Die alte Frau schaute lange in meine Augen. Nach einer Stunde ging ich wieder hin und kaufte ein gefrorenes Hähnchen. Sie streckte ihre beiden Hände in den Kühlschrank, um das Hähnchen rauszuholen, und unter dem Neonlicht sahen ihre Hände ein paar Sekunden aus wie Marmor. Als ich sie am nächsten Tag wieder allein im Laden sah, ging ich zu dem marokkanischen Schuster Omar. »Omar, wo sind die jungen Metzger?« Omars Schustermaschine war sehr laut. Er schliff gerade die Sohlen eines alten Cowboystiefels und sprach laut gegen die Maschinengeräusche an. »Sie sind mit ihrem BMW auf der Autobahn umgekommen. Es hatte stark geregnet, auf der Straße lag ein Ast, und sie sind im Wald gestorben.« Ich brachte der alten Metzgerin drei Blumen. »Ach, die Schauspielerin«, sagte sie, als sie die Tür aufmachte. In ihrer dunklen Wohnung hinter der Metzgerei roch es nach kochendem Fleisch. Am nächsten Tag sah ich die drei Blumen im Schaufenster stehen. An einem Frühlingsabend sah ich die alte Frau mit einem Mann sprechen. Sie hatte sehr abgenommen, und das Fleisch ihrer Oberschenkel hing über den Knien wie eine nicht hochgezogene, an den Knien große Falten schlagende Strumpfhose. Sie schaute diesen alten Mann an, lächelte und nickte. Es kam mir vor, als lächelte sie in hohem Fieber. Der Mann, mit dem sie sprach, war ein Pfarrer. Bald starb auch sie. Man entfernte die Schweineskulptur, die über der Metzgerei hing, und das Haus wurde weiß gestrichen. Als sie gestorben war, hatte ich im Küchenspiegel geweint und mit meiner Mutter telefoniert.

»Mutter, die alte Metzgerin ist auch tot. Warum mußte sie sehen, daß ihre Kinder vor ihr gestorben sind?« Meine Mutter weinte in Istanbul und sagte: »Arme Frau, arme Frau. Die Menschen sterben eben, meine Tochter.«

»Mutter, ich möchte vor dir sterben, ich könnte nicht aushalten, wenn du einmal nicht mehr da bist.« Meine Mutter sagte: »Mein Kind, die Sätze, die du gesagt hast, soll dir ein starker Wind aus deinem Mund wegtragen. Sag so etwas nie wieder. Weißt du, was es für eine Mutter heißt, ihr Kind zu verlieren?« »Mutter, woran ist mein Bruder gestorben?« »Weiß ich nicht. Auf einer Hochzeit hat er noch auf den Tischen getanzt, am nächsten Morgen ist sein Hals angeschwollen, und er konnte nicht mehr atmen. Die bösen Blicke hatten ihn getroffen …«

Als meine Mutter mir das am Telefon erzählte, sah ich im Spiegel am Küchenfenster eine Biene entlangkrabbeln. Vielleicht hatte meinen Bruder eine Biene in die Zunge gestochen.

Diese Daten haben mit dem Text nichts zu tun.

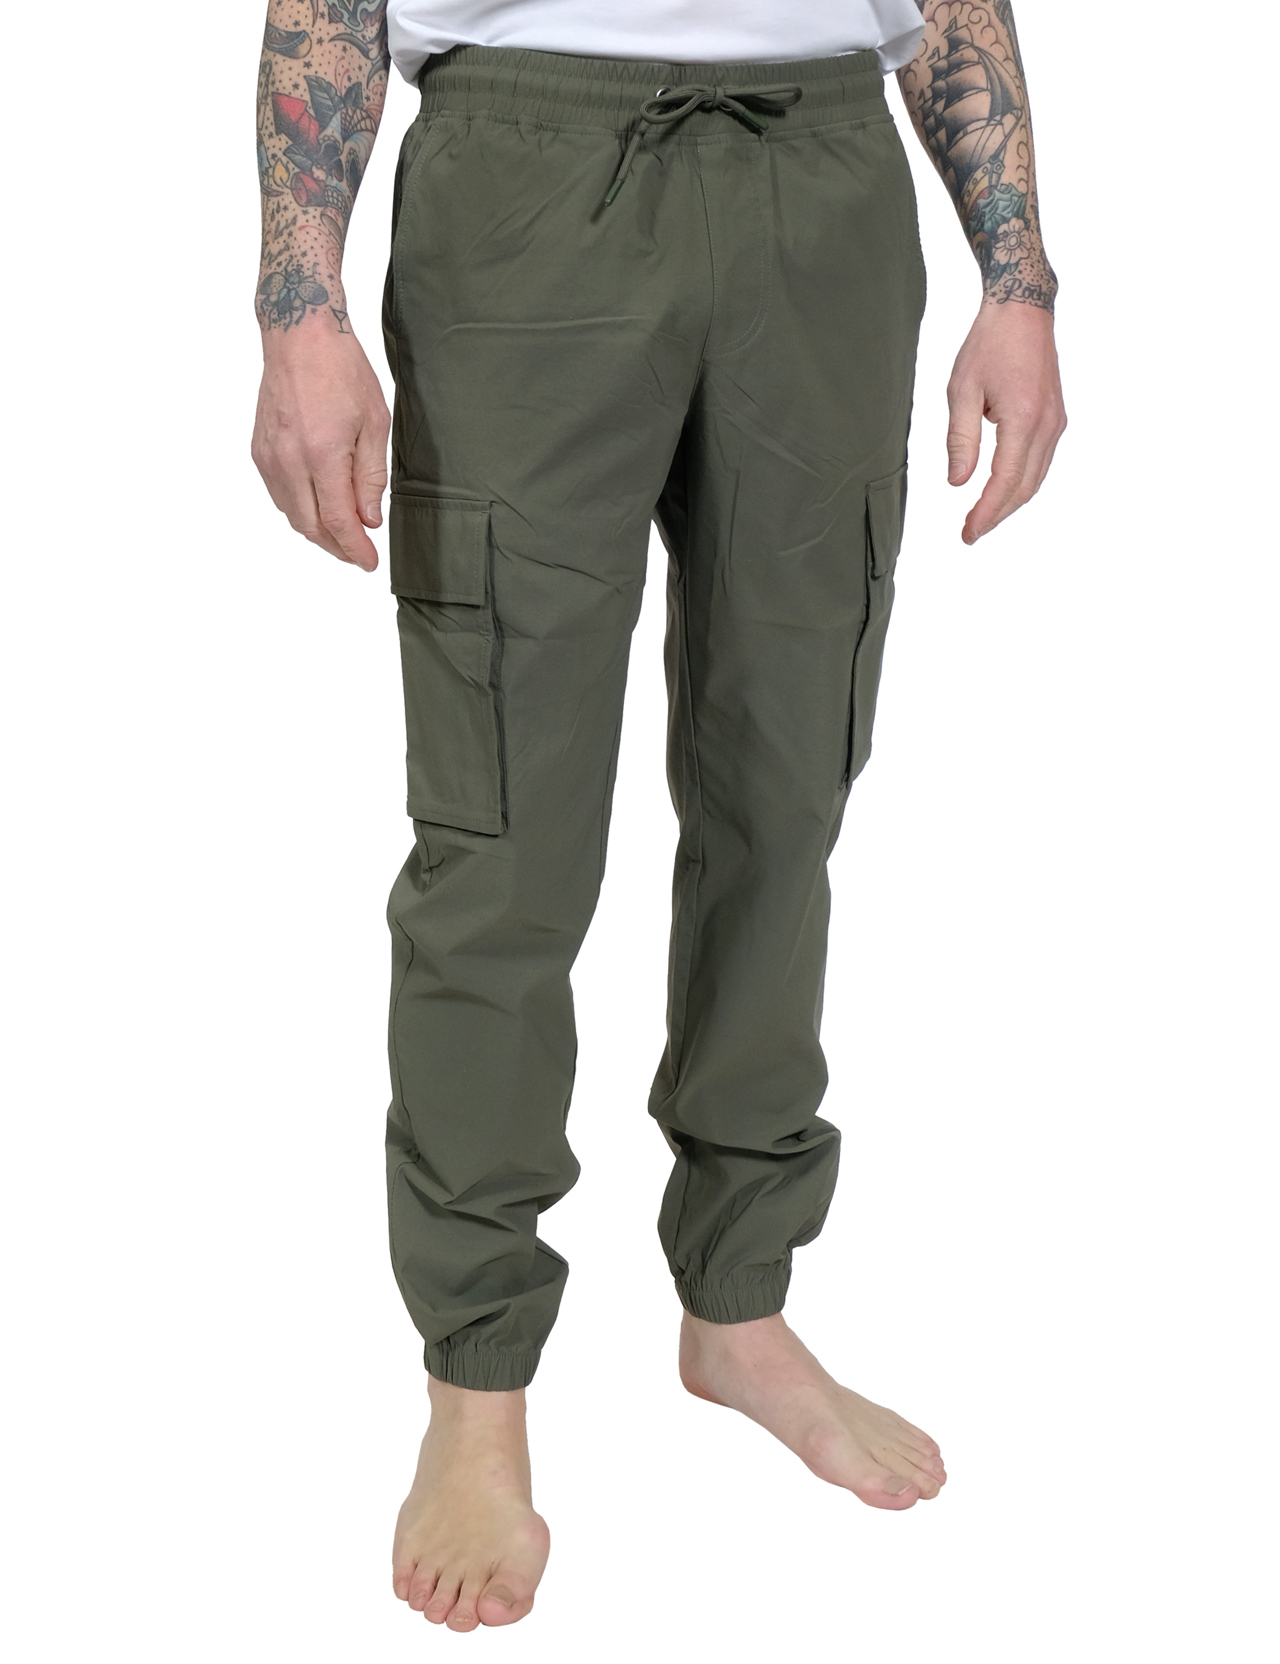 Resterods---Cargo-Pants-Lightweight---Army-1

Meine Mutter erzählte: »Ich wurde danach zwei Jahre lang krank. Die Ärzte sagten: Knochentuberkulose. Ich ging an Krücken, und die Ärzte glaubten, daß ich keine Kinder mehr bekommen könnte. Eines Nachts sah eine der Frauen meines Vaters im Traum den Heiligen Ali, Mohammeds Schwiegersohn. Er sagte über mich: ›Sie wird noch einmal einen Sohn bekommen. Sie muß ihn dann nach mir Ali nennen.‹ Tatsächlich bekam ich acht Monate später deinen Bruder Ali.«

»Hast du sehr geschrien, als du mich geboren hast, Mutter?«

Ich stellte den Kassettenrecorder an, und meine Mutter machte am Telefon nach, wie sie geschrien hatte, als sie mich geboren hatte. Dann lachte sie genauso lange, wie sie vorher geschrien hatte: »Du hättest eigentlich ein Junge werden müssen, du hast nur mit den anderen Jungen unter den Brücken gespielt, und dein Bruder hat mir beim Kochen geholfen. Wenn wir dich gelassen hätten, hättest du sogar unter den Brücken geschlafen.«

Auch in dieser Stadt hier liebe ich die Brücken. Ich laufe über sie zur anderen Seite der Stadt hinüber und halte meinen Rock fest. Auf der anderen Seite des Flusses wohnte Joseph Beuys.